For ophthalmic ointments, FDA's bioequivalence guidelines are consistent with those for solution-based eye drops because they are homogeneous systems. The PMDA evaluates the bioequivalence of ophthalmic ointments generally on the basis of comparative PK and PD results in experimental model animals.
The physicochemical properties of ophthalmic ointments that we investigate include appearance, pH, rheological properties, droplet size and particle size distribution.
The FDA bioequivalence guidance for ophthalmic emulsions is generally consistent with that for solution-based eye drops. We compared generic ophthalmic emulsions to RLDs for physicochemical properties including droplet distribution, viscosity, pH, zeta potential, osmolality molar concentration, and surface tension.
Suspended eye drops include glucocorticoid medications, medications for glaucoma, and medications for high intraocular pressure. Because of the suspension-type eye drops on the ocular surface after the administration of the drug, there is still a dissolution and release process. The particle size of the drug, the dissolution rate and the type of solubilizing agent can affect the release of the drug and its clinical efficacy. Therefore, the bioequivalence evaluation of suspended eye drops needs to be analyzed individually according to the characteristics of the specific drug.

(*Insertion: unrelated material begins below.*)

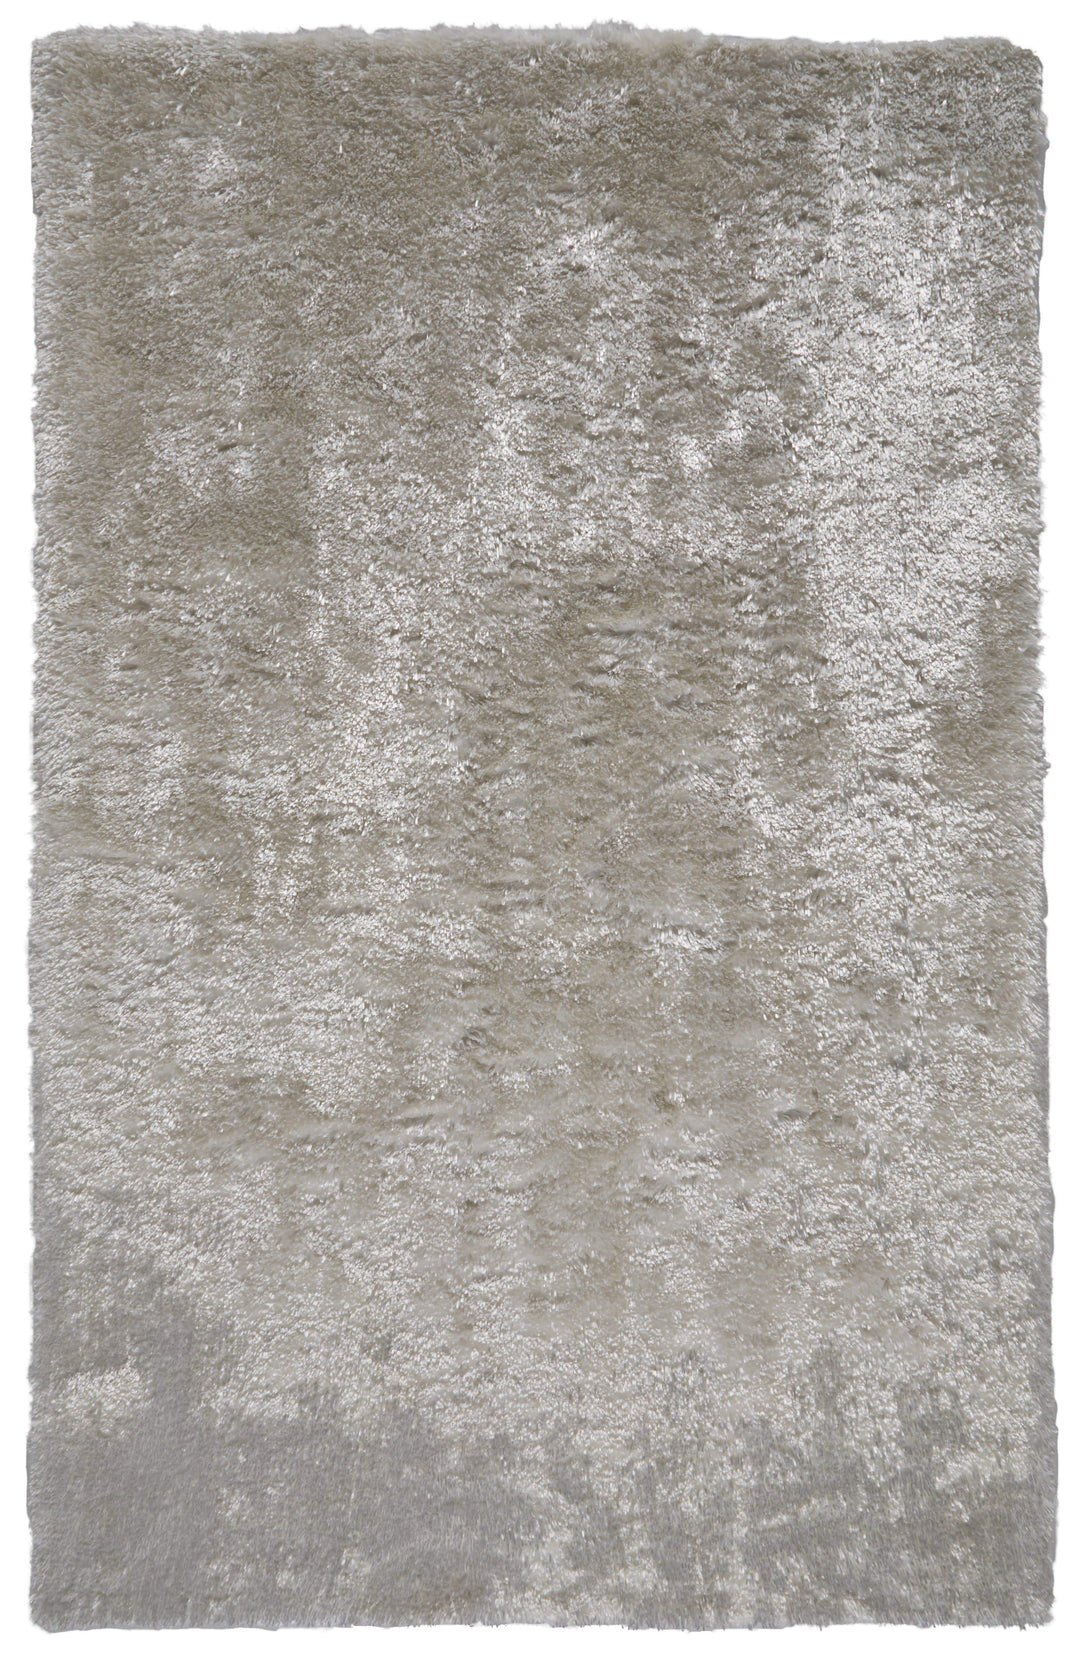 Feizy Feizy Blunham Luxurious Tufted Shag Rug - Lustrous Pearl White - Available in 5 Sizes 5' x 8' 7494116FWHT000E10

Regulatory Compliance and Documentation
We assist our clients in planning market access strategies for generic ophthalmic formulations, ensuring that all research and manufacturing processes comply with the regulatory requirements of the region in which the client operates. We prepare all documents required for drug registration and conduct pre-reviews according to the requirements of drug regulatory authorities.
Ongoing Monitoring and Support
After the successful launch, we continuously monitor the safety and efficacy of the drug and improve the product based on market feedback and regulatory requirements. In addition, we answer customers' questions about generic drugs, as well as help them solve problems encountered during the use of generic drugs.
We provide efficient, flexible and compliant solutions for the pharmacological equivalence evaluation and bioequivalence evaluation of generic ophthalmic drugs, assisting pharmaceutical companies to complete the generic drug consistency evaluation process in a shorter time.